Calculating exactly how much of the proposed money -- $550 billion in new spending and $275 billion in tax breaks over two years -- could (if enacted) flow to postsecondary institutions, and to students and potential students, is difficult because many of the proposals in the package lack detail. It would also be premature for anyone in higher education (or any other potential recipients of stimulus funds) to start spending it, since (1) budget hawks in Congress and elsewhere blanched at the size and scope of the package, (2) this is just the House's version, with the Senate reportedly drafting its own, and (3) multiple steps remain in the process.

Still, none of those factors are likely to dampen interest in what's in the legislation, and a rough estimate by Inside Higher Ed suggests that tens of billions of dollars could flow to colleges and their students, in the following broad categories:

  • Nearly $30 billion in financial support for students, including $15.6 billion to increase the maximum Pell Grant by $500, to $5,350, in 2009-10; $490 million in additional federal work study funds; $12.5 billion to replace the Hope tax credit created in the Clinton administration with a tax credit worth up to $2,500 a year and structured in a way that is more helpful to students from low-income families; and a $2,000 increase in federal limits on unsubsidized loans.

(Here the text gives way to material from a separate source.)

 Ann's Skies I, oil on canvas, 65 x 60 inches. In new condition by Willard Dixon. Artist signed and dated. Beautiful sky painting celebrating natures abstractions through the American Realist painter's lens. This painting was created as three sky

  • Some share of the $39 billion that would flow to state governments to "help restore cuts to critical education programs" in both elementary/secondary education and higher education. While it is impossible to know exactly how much of this pool of money would go to two-year and four-year public colleges and universities, as opposed to public elementary and secondary schools, language in the legislation says that governors are supposed to "provide the amount of funds to public institutions in the state that is needed to restore state support for postsecondary education to the fiscal year 2008 level."

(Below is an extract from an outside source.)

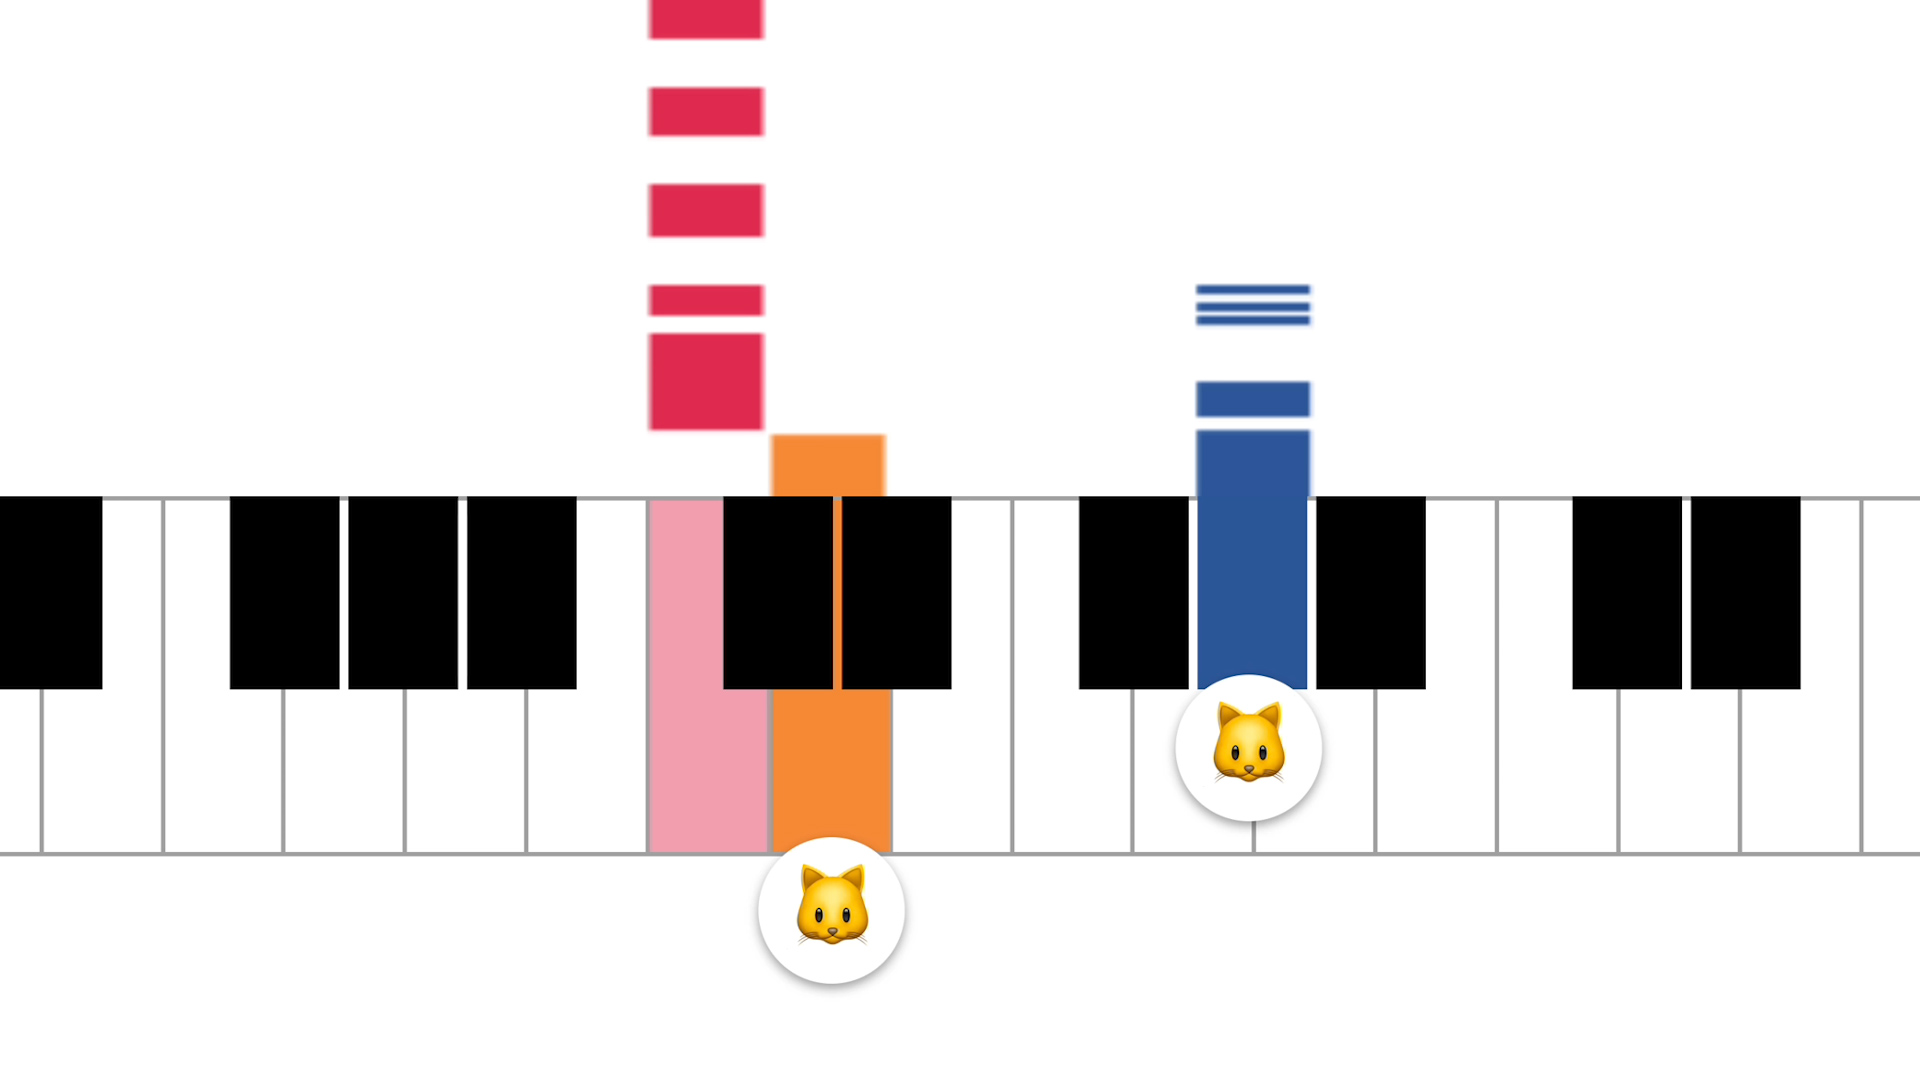 Shared Piano by Google Creative Lab - Experiments with Google

  • At least $8 billion in increased funding of research and researchers, including $2 billion for the National Science Foundation, $2 billion in research on energy efficiency and renewable energy, $1.9 billion in basic energy studies, $1.5 billion for biomedical research through the National Institutes of Health, and $400 million for climate change research through the National Aeronautics and Space Administration. That number could grow if other R&D funds -- $11 billion for research and development and other advances related to the electricity grid, $900 million for cyber security and pandemic R&D -- flow in some form to university researchers.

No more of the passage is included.